There is a danger when reading the paper (if one does, no doubt many news sources do not), that one can be impressed by the mathematical sophistication of the GPC prediction machinery. It is an impressive piece of technical work. But the GPC can only work with what is is given - it generalises from known examples in the data. The old saying about computer science: 'garbage in, garbage out' is overly pejorative here - the predictions the GPC has been trained on are not garbage, but the best educated guesses of well informed people. They are internally consistent - the GPC can predict well the predictions made by workshop participants for unseen examples. But the GPC cannot predict more accurately than the individuals themselves. It is important to realise that the trained-GPC is effective a machine for making the predictions these same individuals would have made themselves if they were asked. With all the uncertainties involved in a still nascent and quickly changing field, making precise predictions is extremely speculative. Just imagine how different many of these predictions would have been if people had been asked 10 years ago. What might they look like in 10 years time?

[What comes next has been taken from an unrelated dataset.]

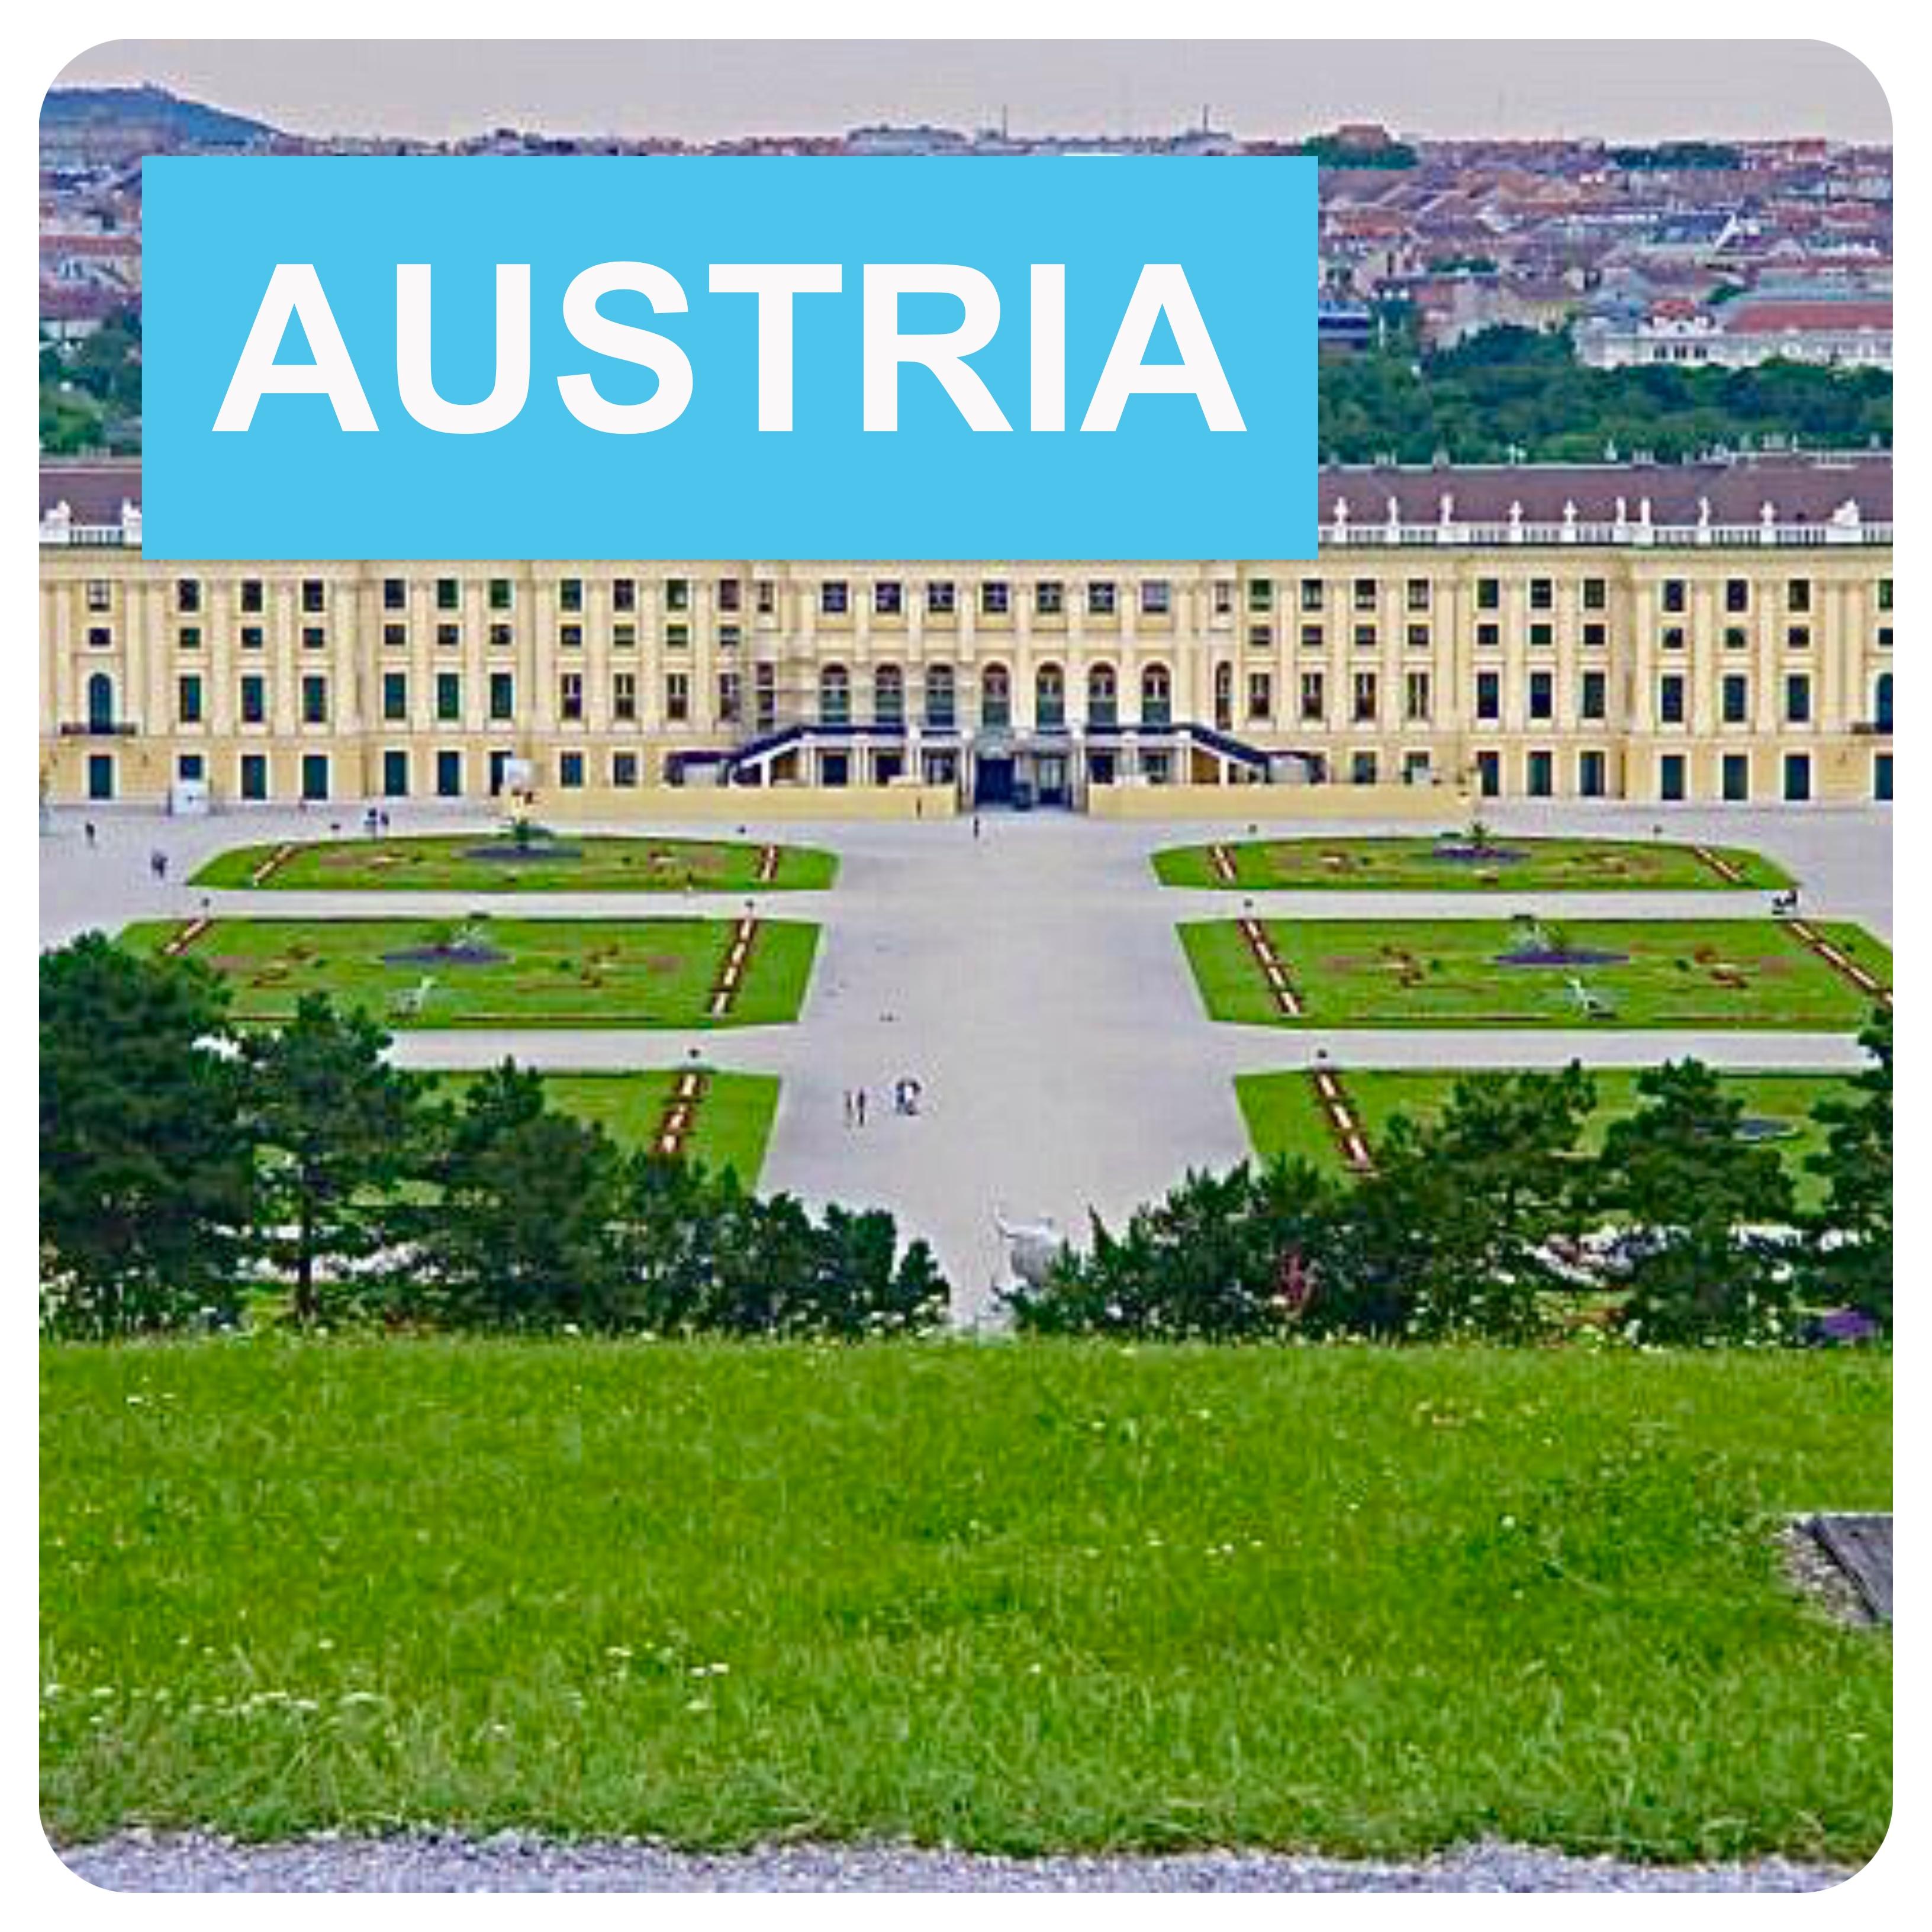 Noleggio auto austria senza carta di credito

All of this makes me very skeptical about the now ubiquitous assumption that masses job losses are inevitable. In many ways I hope they are - we should hope that more of the tasks we only do out of necessity will be automated, as long as the economic gains can be spread equitably (a whole other ball game!). But a narrative of huge disruption feeds into the rather millennial milieu in which we find ourselves, plagued with doubts about our economic system, possible catastrophic climate change, antibiotic resistance etc. It is very tempting to believe that disruptive, destructive change is now a permanent feature of our lives. F&O, to their credit, do not take this line - I have seen Michael Osborne present his work previously and he speaks to all great possibilities automation creates. It is also worth noting that many tasks that can be automated take an amazingly long time to be so. I recently took a trip to the National Coal Mining Museum, where I was amazed to learn that very few mines had any serious machinery involved in the actual hacking off of coal until nationalisation and unionisation drove up labour costs and pushed efficiency up the agenda after the war. I'm perpetually amazed, as a renter, how many people think dishwashers are optional! As Frey & Osborne note, but few news outlets pick up on, automation will only happen if the cost of labour is sufficiently high - many government policies are directed explicitly at lowering the cost of labour to the employer.

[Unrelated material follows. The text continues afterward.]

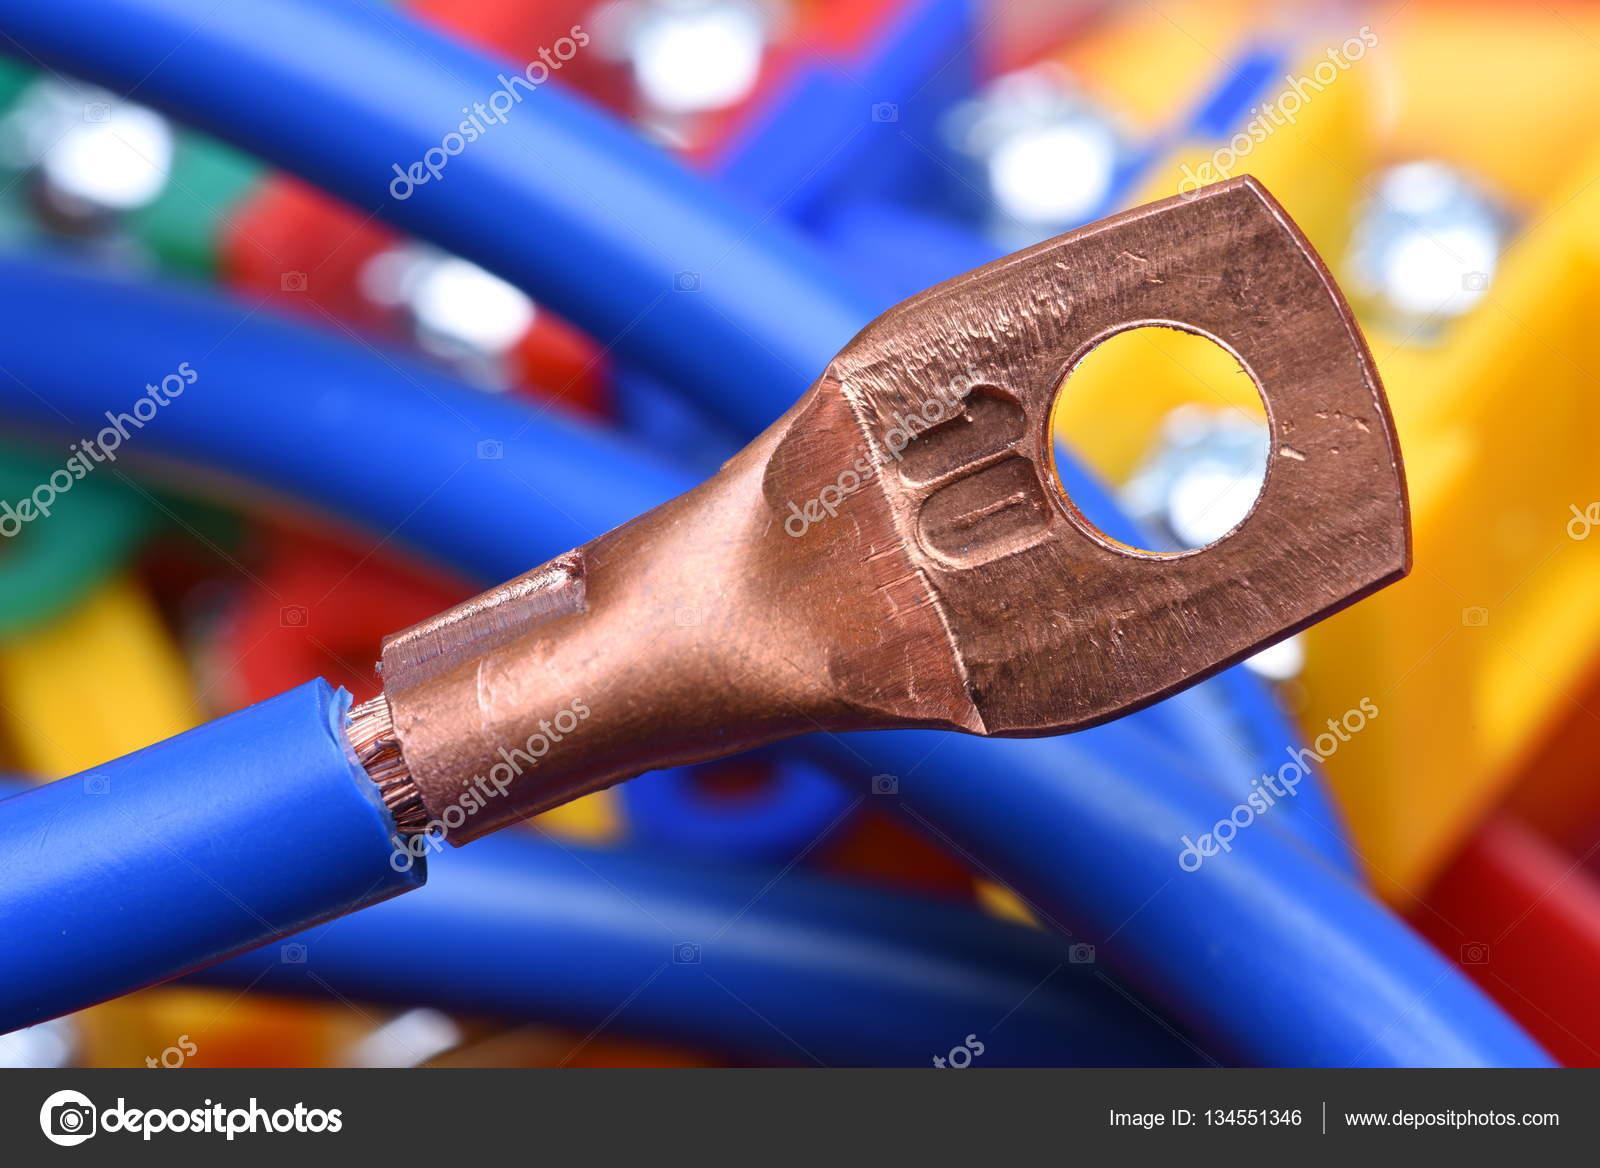 Stromkabel mit Kupfer Kabelschuh — Stockfoto © Zetor2010 #134551346

We shall no doubt see feats of automation in our lifetimes that would stagger us today, just as the household appliances created in the 20th century would amaze our ancestors. But exactly which jobs will disappear, when they will do so and how many people will become unemployed? I would not want to guess.

Reference: [F&O] The future of employment: How susceptible are jobs to computerisation? Carl Benedikt Frey and Michael A. Osborne

1 comment:

  1. Richard,

    You might find this of interest:

    It takes the Frey and Osborne risk scores and uses them to create 4 different scenarios of future automation job loss. It is an interactive visualization, so you can dig down into the data and explore it interactively.

    My takeaway from the project was that automation risk is highly concentrated among low pay and low skilled workers.